Although the recent publication of the implementing decree and the administrative guidelines have made it possible to better appreciate the ambitions of this reform, we will have to wait for the Government's report to Parliament, no later than 30 September 2025, particularly with regard to the characteristics of beneficiaries, as well as the cost and effectiveness of the reform, in order to assess its real consequences.
Article 39 quinquies G II of the French General Tax Code
II. - Captive reinsurance undertakings referred to in 3° of article L. 350-2 of the French Insurance Code, owned by an undertaking other than a financial undertaking within the meaning of 12° of article L. 310-3 of the same code and whose purpose is to provide reinsurance cover exclusively for the risks of undertakings other than financial undertakings referred to in the same article L. 310-3 may set up, free of tax, a provision intended to meet the expenses relating to accepted reinsurance transactions whose insurance risks fall within the categories of damage to professional and agricultural property, natural catastrophes, general civil liability, pecuniary losses as well as damage and pecuniary losses resulting from attacks on information and communication systems and transport mentioned in article A. 344-2 of the said code, in the version in force on 31 December 2022.
The limit within which the annual allocations to this provision may be deducted from profits and the overall amount of the provision are set by decree, based respectively on the size of technical profits and the average over the last three years of the minimum capital requirement within the meaning of article L. 352-5 of the same code.
This provision is allocated, in the order of age of the annual allocations, to the overall offsetting of the negative balance of the technical profit and loss account for the financial year for all the corresponding risks. Annual allocations that have not been used for this purpose within fifteen years are deducted from taxable profits in the sixteenth year following the year in which they were recorded.
Risks for which a provision has been established under the conditions set out in the first paragraph of this II may not give rise to the recognition of a provision pursuant to I of this article.
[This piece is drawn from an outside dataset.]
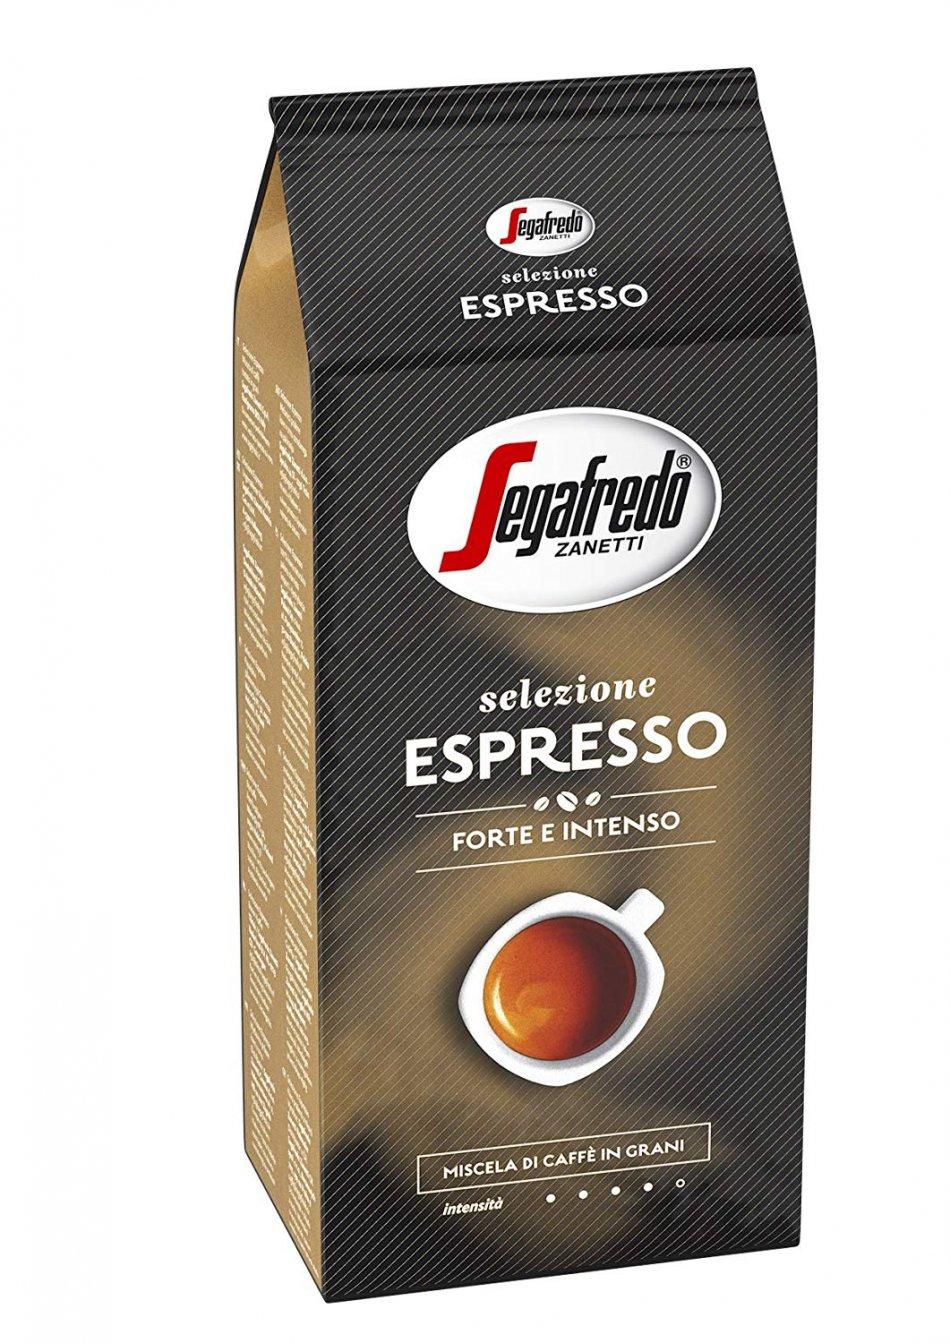 segafredo selectione espresso
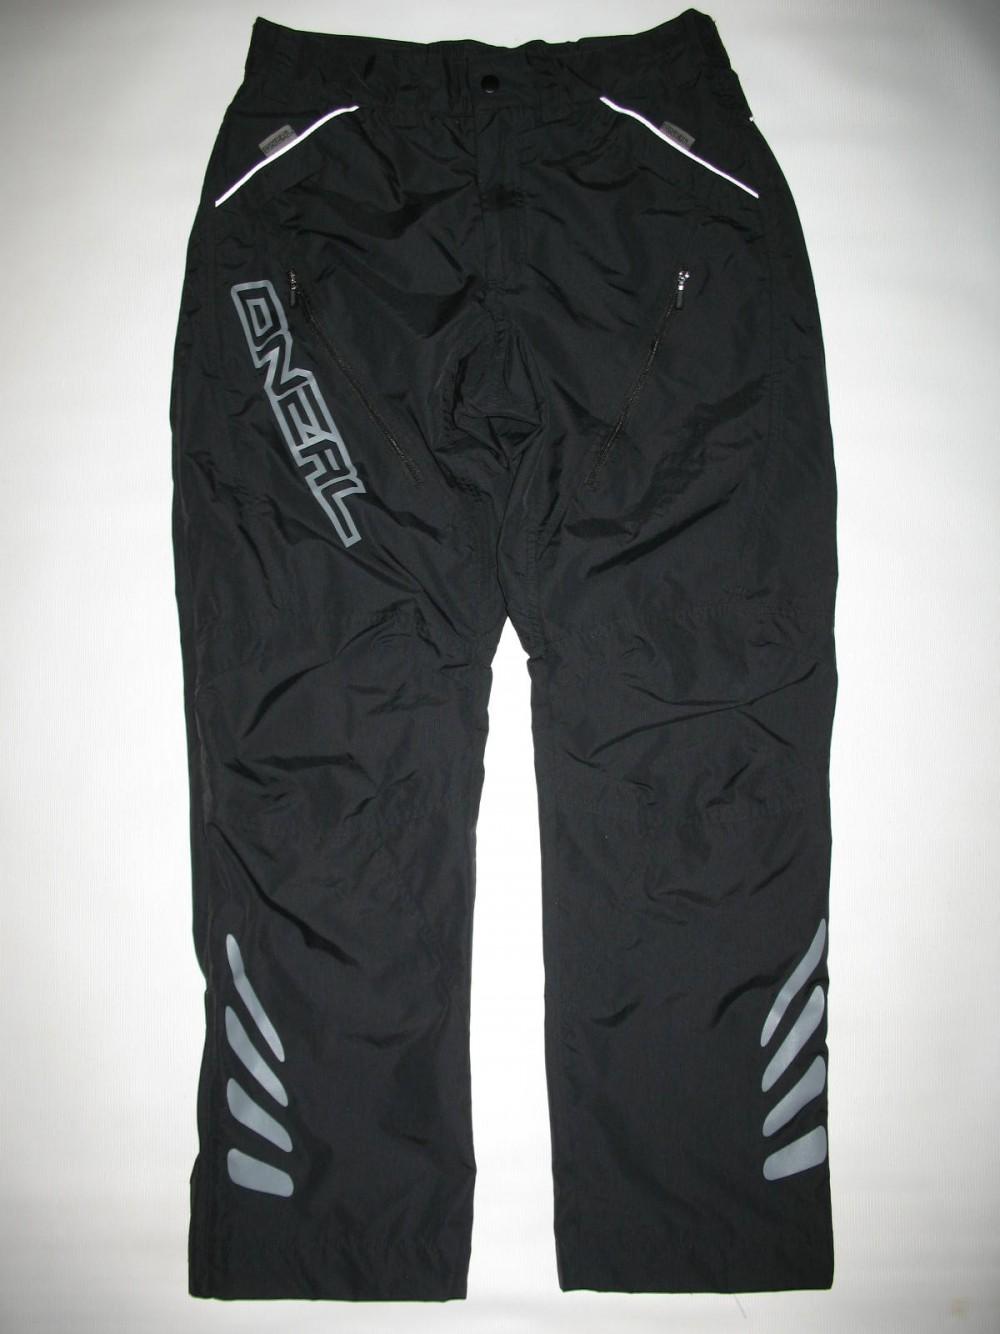 Штаны ONEAL predator III bike pants (размер 48/M) - 5

The conditions for recording and declaring these provisions are laid down by decree.
 French Finance Act for 2023 n° 2022-1726 of 30 December 2022.
 Decree n° 2023-449 of 7 June 2023 on the accounting rules for the resilience provision set up by captive reinsurance companies.
 BOI-BIC-PROV-60-70-15 dated 14 June 2023.
 Amendments n° I-1292 rect. et n° I-3519.
 Report on behalf of the Finance Committee, the General Economy and Budgetary Control, at second reading, on the draft Finance Act for 2023 (No. 598), Mr. Jean-René Cazeneuve, page 43.
 Reproduced in extenso below.
 Within the meaning of Article L. 350-2 3° of the French Insurance Code.
 Within the meaning of Article L. 351-3 of the French Insurance Code.
 In the version in force on 31 December 2022.
 Underwriting profit is (in short) the difference between: (i) premiums and contributions and (ii) the cost of claims.
 In accordance with Article R. 352-29, I-b of the French Insurance Code, the MCR corresponds to an amount of eligible core capital below which policyholders, contract holders, beneficiaries and reinsured companies would be exposed to an unacceptable level of risk if the reinsurance company were authorized to continue its business.
 This provision will have to appear on the liabilities side of the captive's balance sheet as a "regulated provision".
 Article 16 C of Annex II of the French Tax Code.